If you’ve lasted this long, you’ve picked up some irony and are waiting for the good news. Here it is. 

Human beings are pretty remarkable as species go. The urge to simplify – to generalise, to label and categorise, to abstract large and unwieldy concepts – is key to our success as a complex civilisation. A neat set of labels allows us to navigate the complexity around us by categorising just about everything according to neat paradigms. You get the worst of it, because, in this new era of Big Data, we know just about everything there is to know about you, including how likely it is you’ll fundamentally change your lipstick shade at some point. (Not very).  

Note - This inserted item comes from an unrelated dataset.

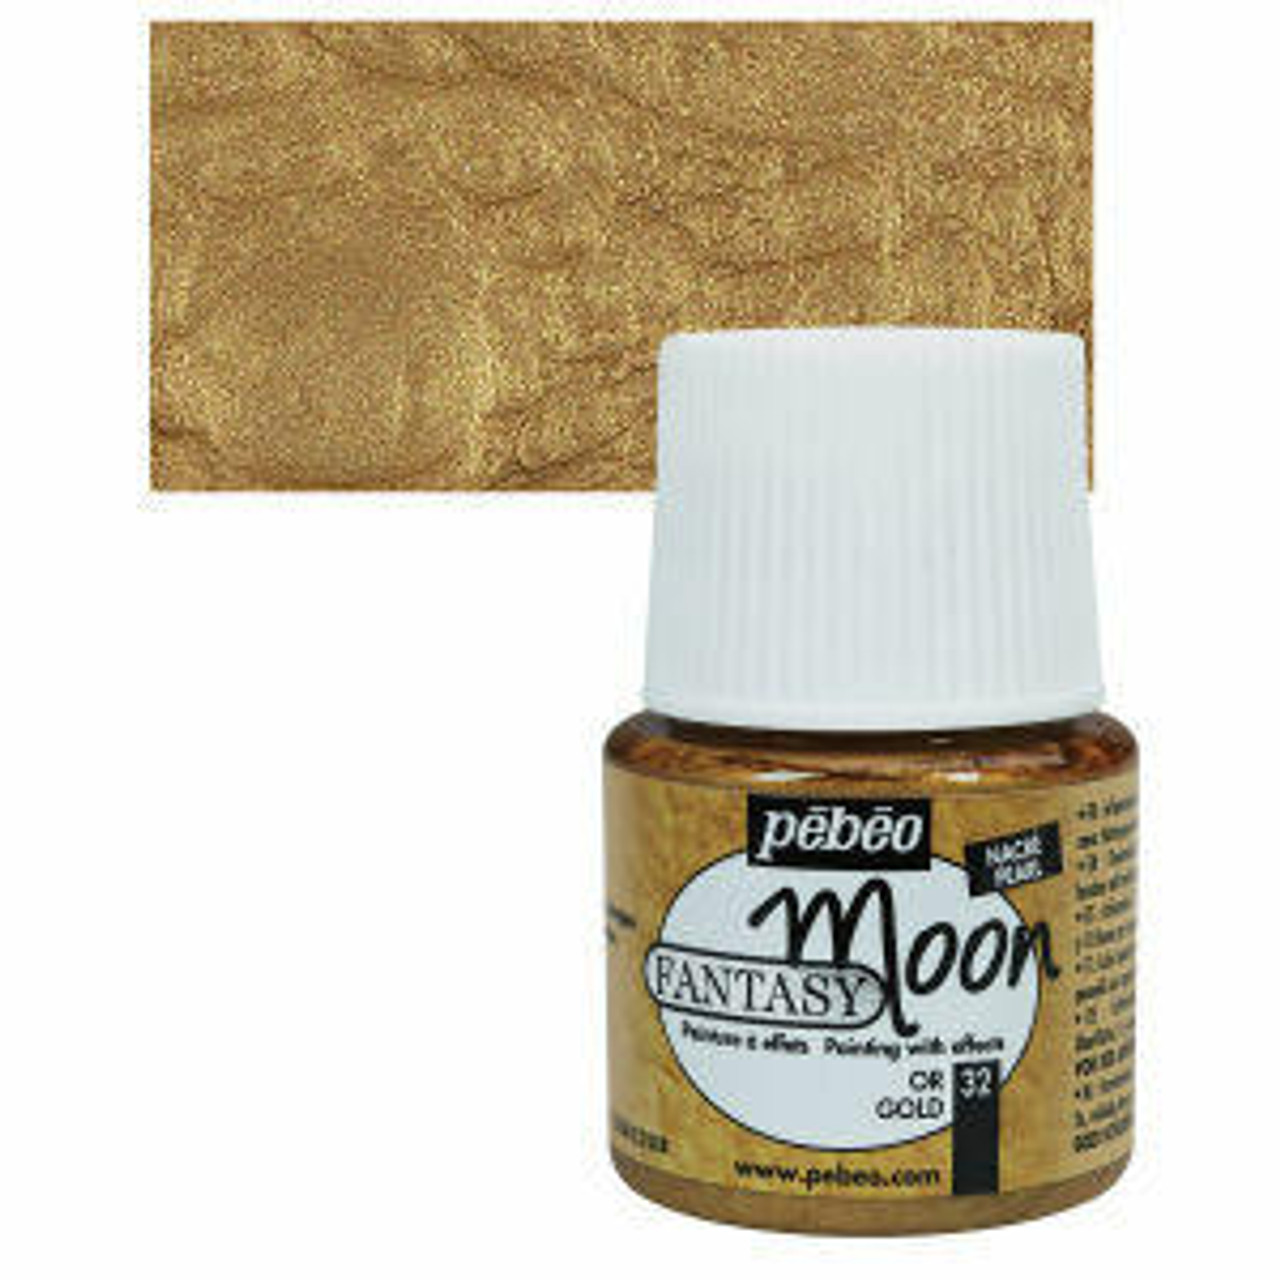 Pebeo Fantasy Moon Paint 45ml Gold
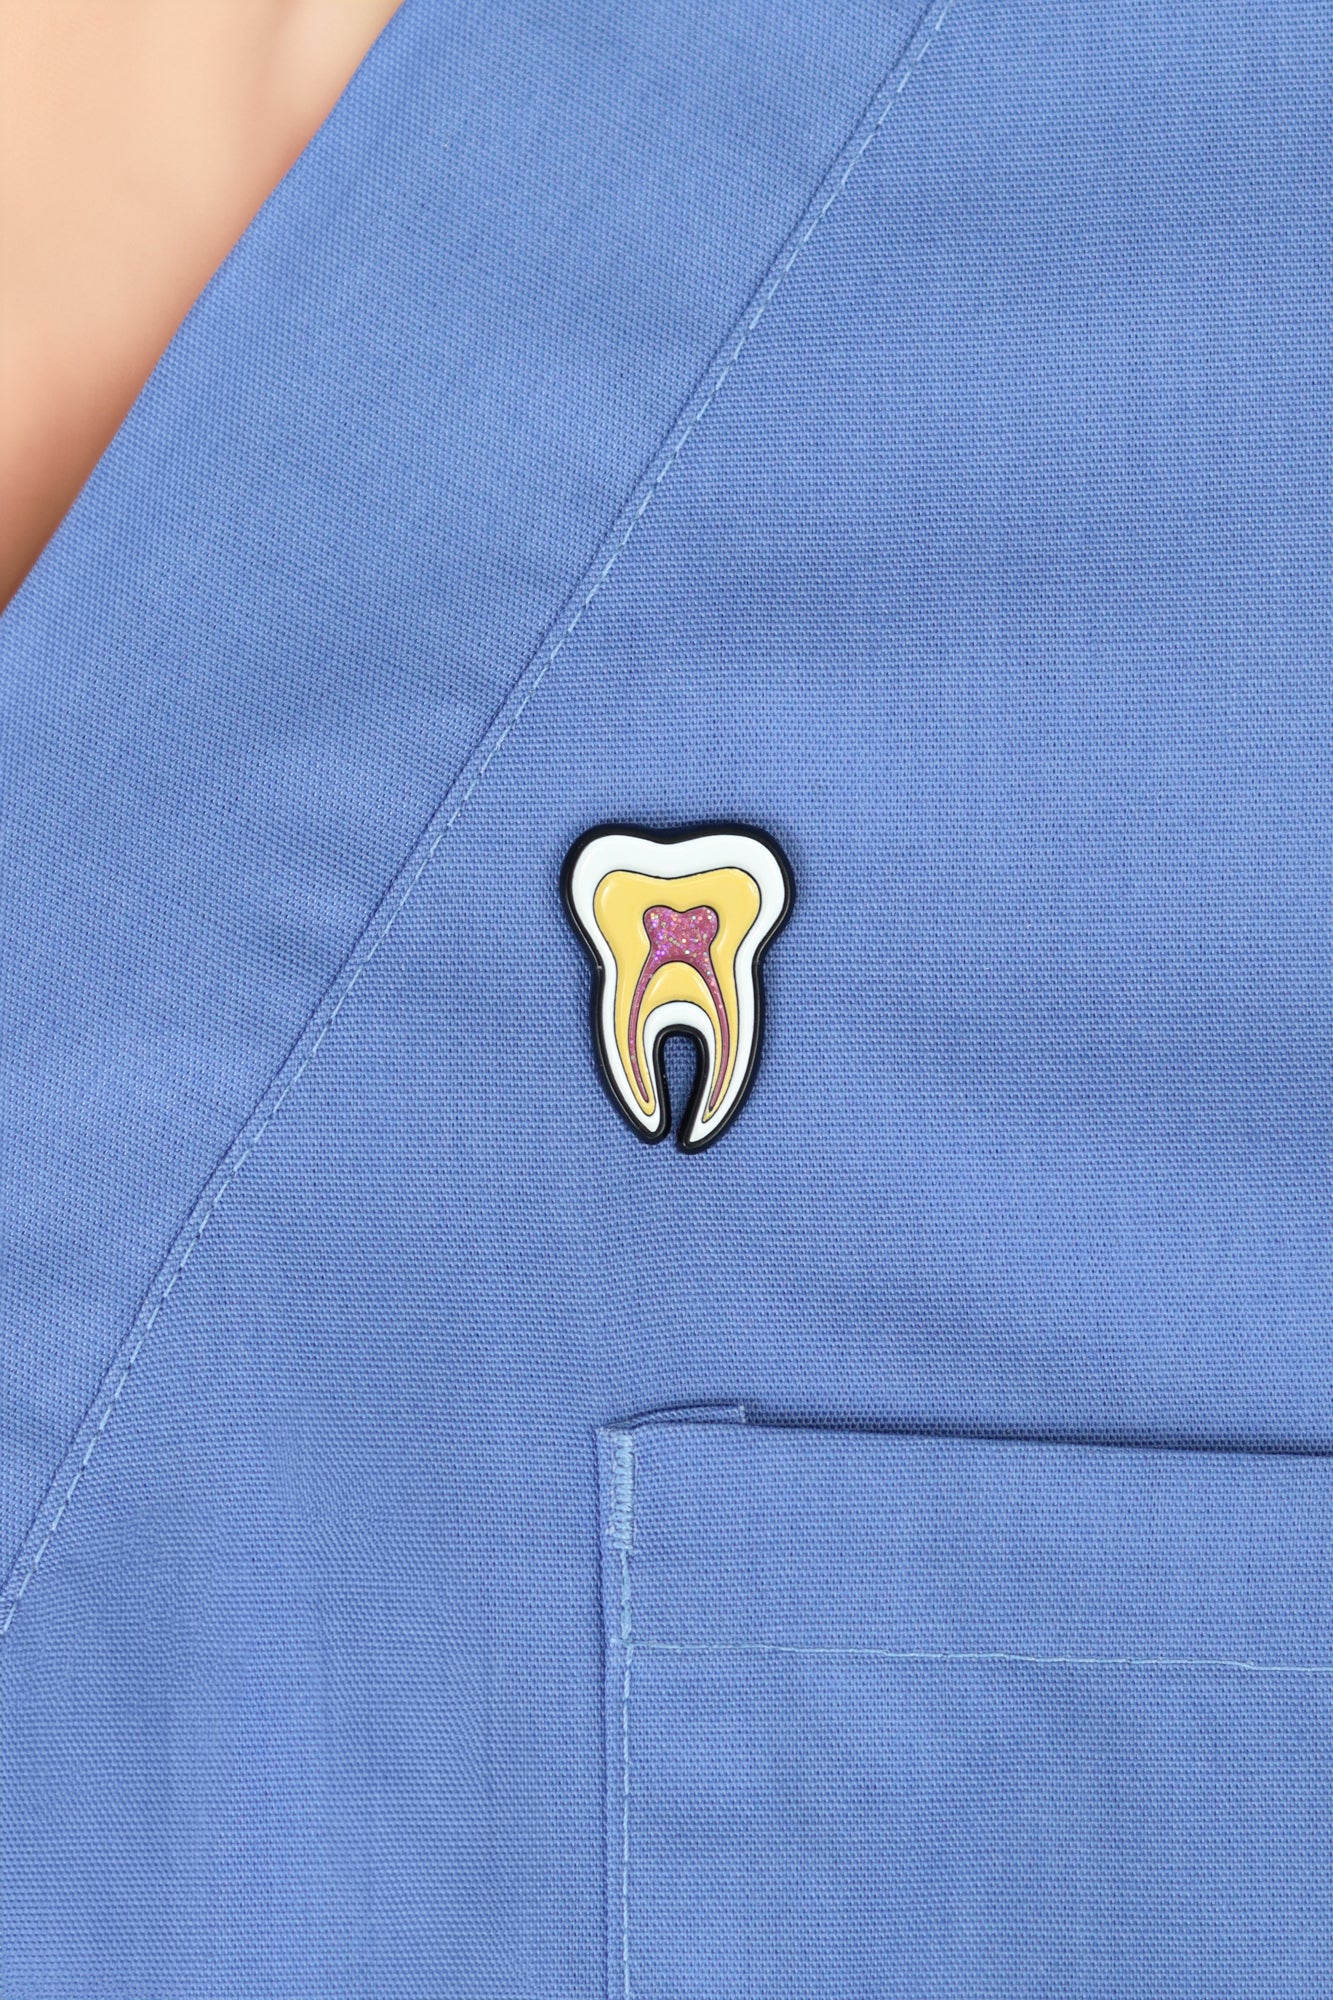 Anatomical tooth Pin

At the same time, there’s not a lot here that’s news. The ‘youth of today’ are lazy, irresponsible, disrespectful and unreliable.  That meme has been around for as long as we’ve had a social structure. This has always been the case. When you get to be a responsible adult, you may find yourself agreeing with this assessment. But if you apply that kind of narrow judgement to something as important as a hiring decision, you’re a bad boss. That’s sheer intellectual laziness.

I think the ratio of full-time, permanent ‘jobs’ to ‘populace’ is going to continue to shrink. So you’ll get more ‘sabbatical’. A good job, which your parents apparently taught you was an ‘entitlement’, will become a status symbol, and for that to work it’s got to be rewarding. So if you’ve got the stamina, and you’ve got some kind of an ‘edge’, you’ll do just fine. My advice? Do something you love, or decide to love what you do. Get good at something you enjoy, and monetise it. Build a personal brand. Live with your parents a little longer. Campaign for better support to the elderly.  Environmental protection. World peace. The generation after yours is going to be even angrier. And that’s something worth thinking about.


Tracy Dawson is a member of USB-ED’s virtual faculty and is a Partner at a search firm, and the local partner to one of the world’s largest retained executive search alliances. The firm helps companies to grow by giving them access to the brightest, smartest leaders available. In executive search she has a track record of top executive appointments over many years.